WHAT YOU SHOULD DO: In the output, include exactly the lines from the beginning of the records up to and including the one that contains "Η Μόσχα έχει", and leave out the pictures.

Recorded data:
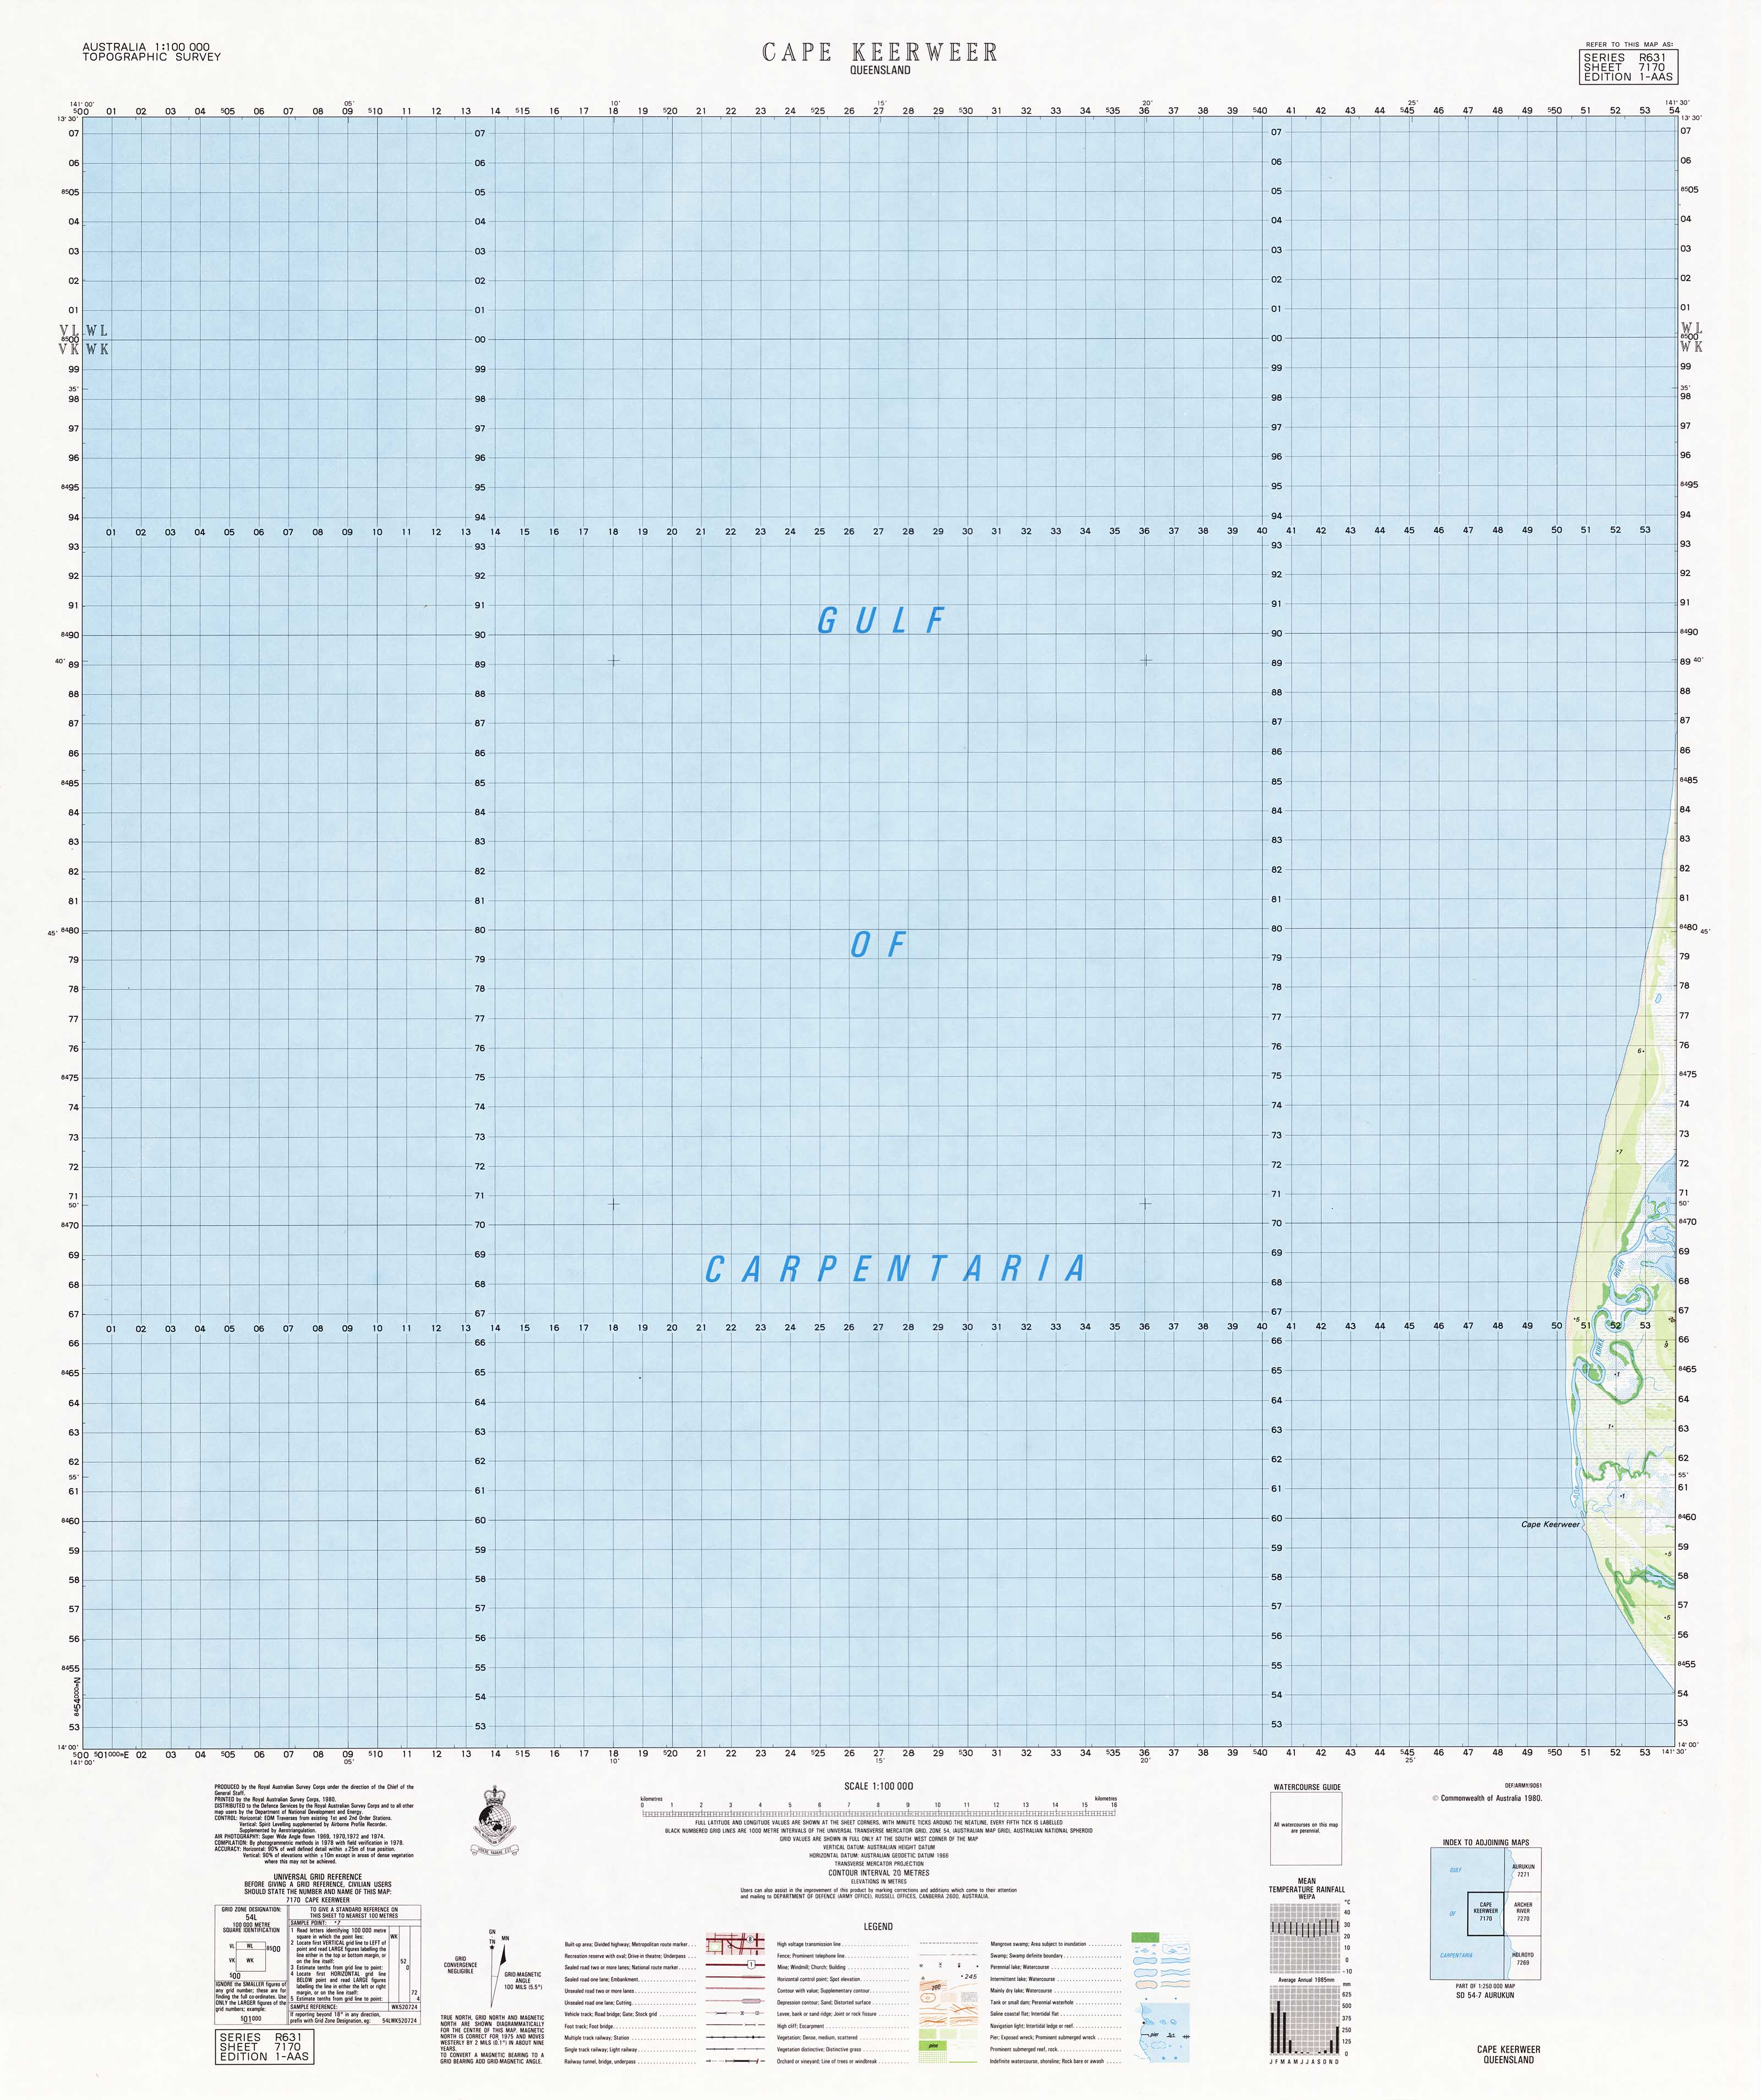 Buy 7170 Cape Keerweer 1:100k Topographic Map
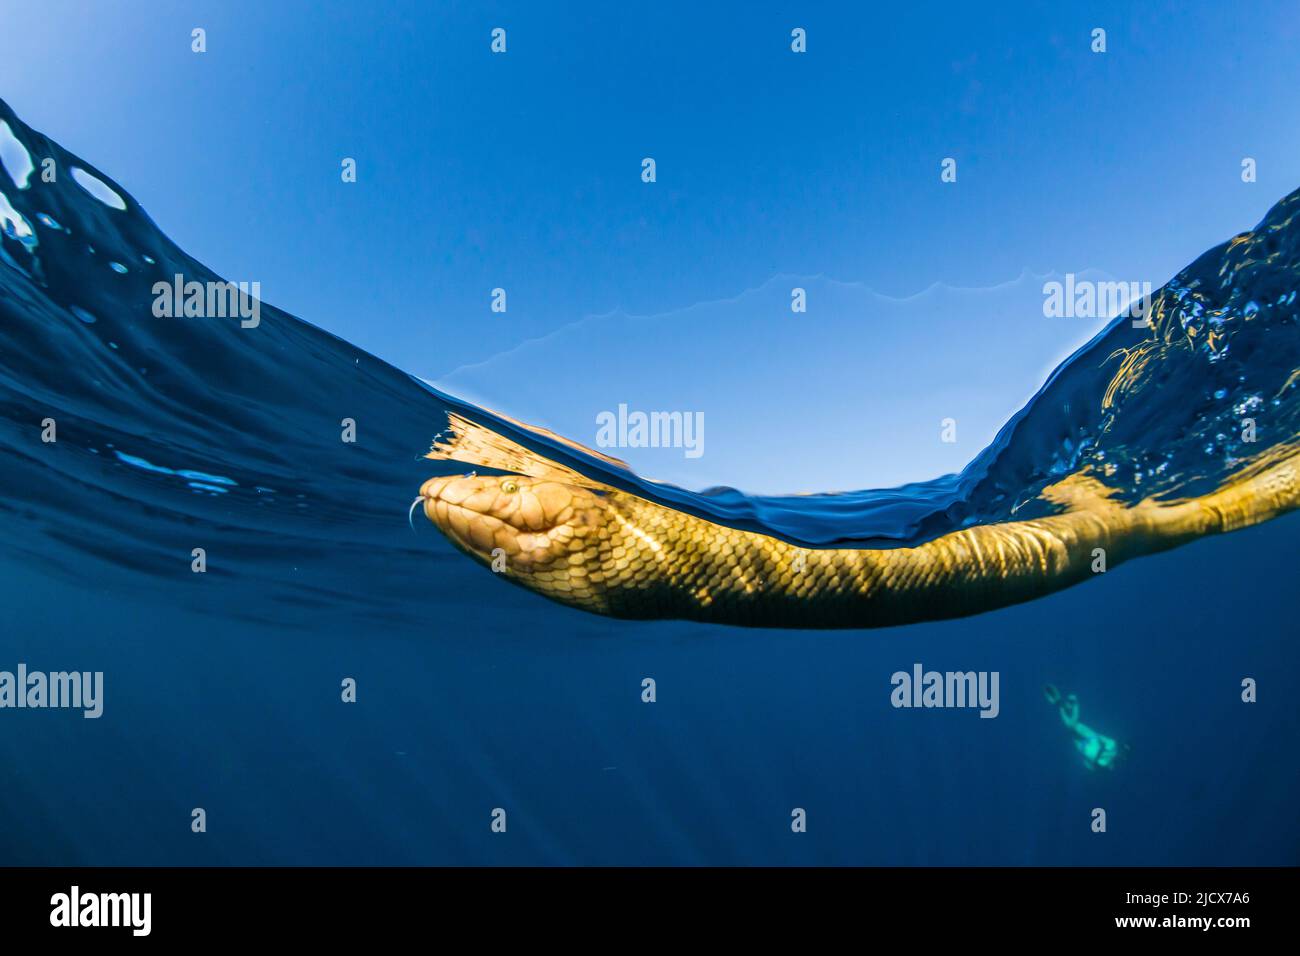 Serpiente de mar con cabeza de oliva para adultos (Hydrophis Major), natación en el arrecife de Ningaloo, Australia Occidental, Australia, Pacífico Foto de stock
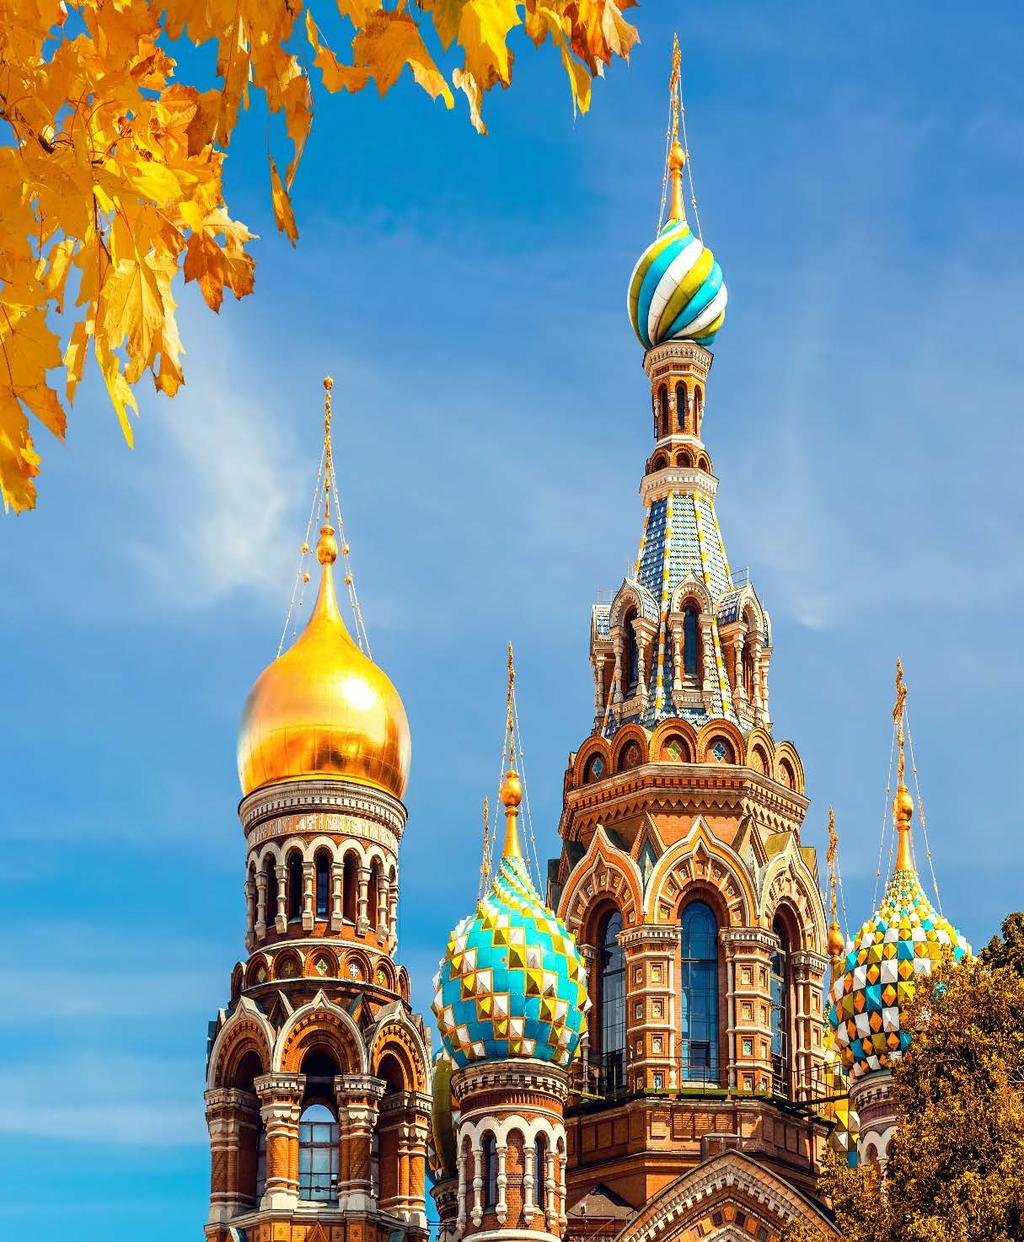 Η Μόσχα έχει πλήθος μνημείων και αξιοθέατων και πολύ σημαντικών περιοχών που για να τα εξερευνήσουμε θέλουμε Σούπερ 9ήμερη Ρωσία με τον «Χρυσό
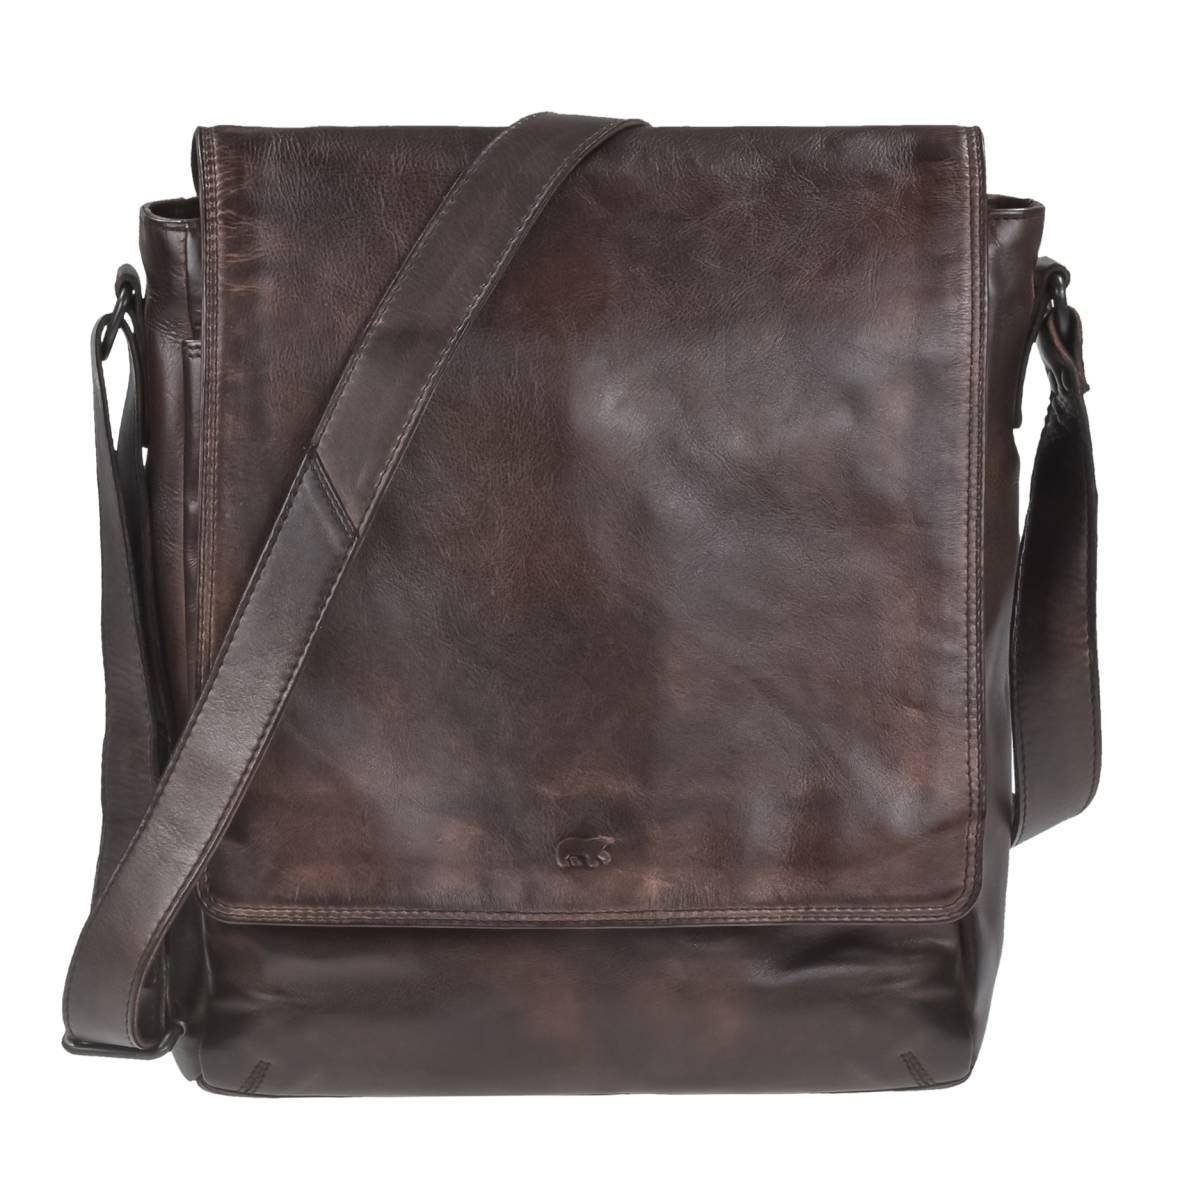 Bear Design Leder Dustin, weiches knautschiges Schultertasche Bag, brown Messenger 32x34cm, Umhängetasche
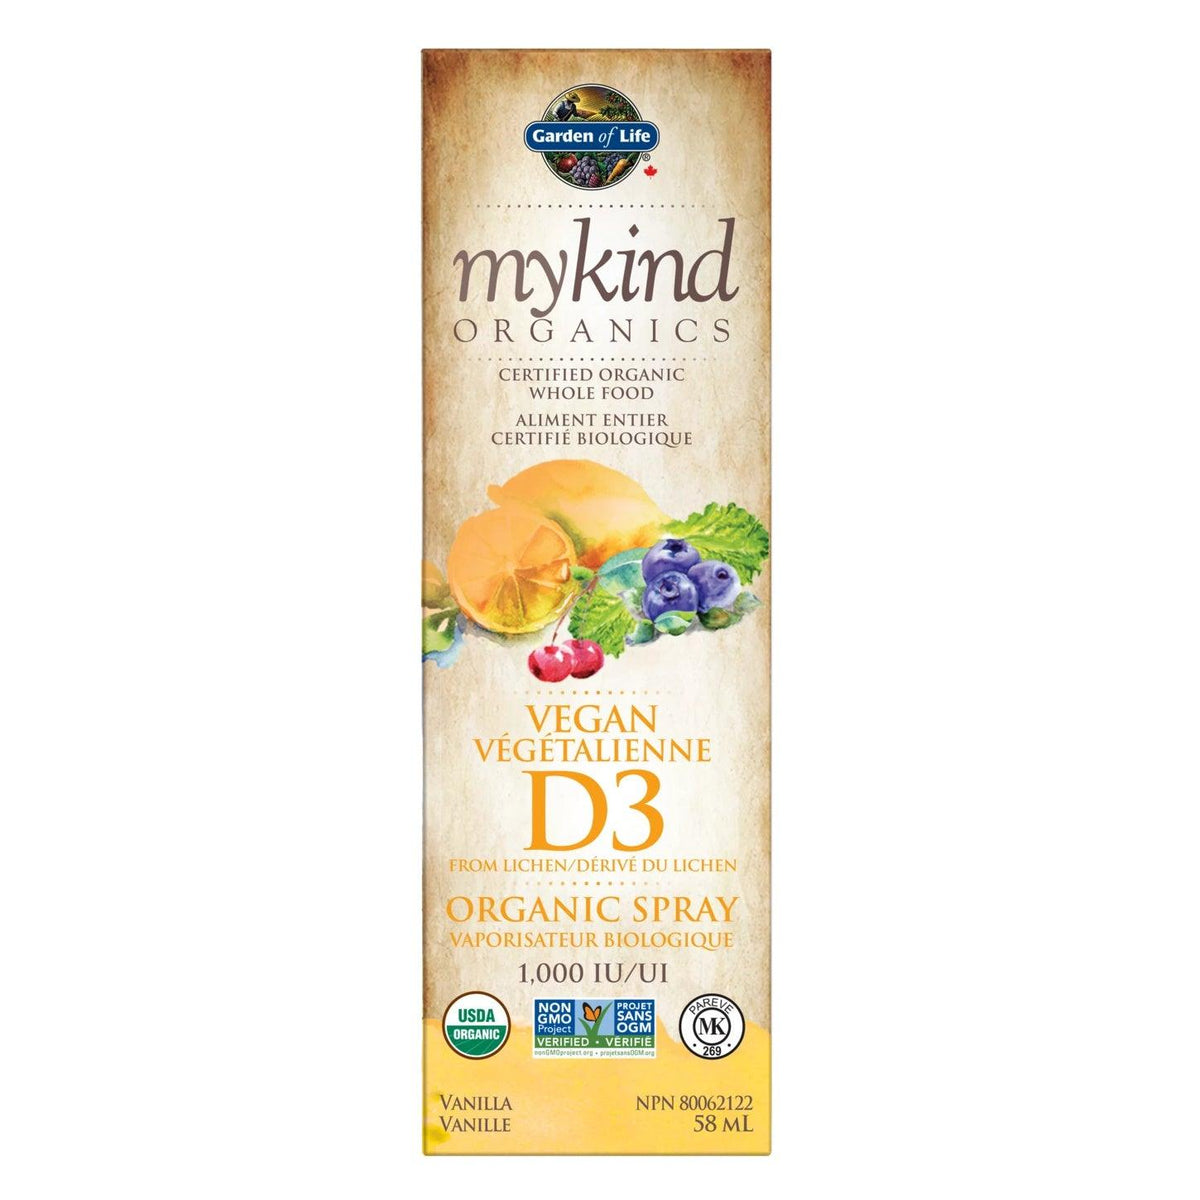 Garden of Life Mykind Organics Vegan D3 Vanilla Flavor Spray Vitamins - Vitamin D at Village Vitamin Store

RESULT FOR THIS TASK:
 Buy 7170 Cape Keerweer 1:100k Topographic Map
 Serpiente de mar con cabeza de oliva para adultos (Hydrophis Major), natación en el arrecife de Ningaloo, Australia Occidental, Australia, Pacífico Foto de stock
 Η Μόσχα έχει πλήθος μνημείων και αξιοθέατων και πολύ σημαντικών περιοχών που για να τα εξερευνήσουμε θέλουμε Σούπερ 9ήμερη Ρωσία με τον «Χρυσό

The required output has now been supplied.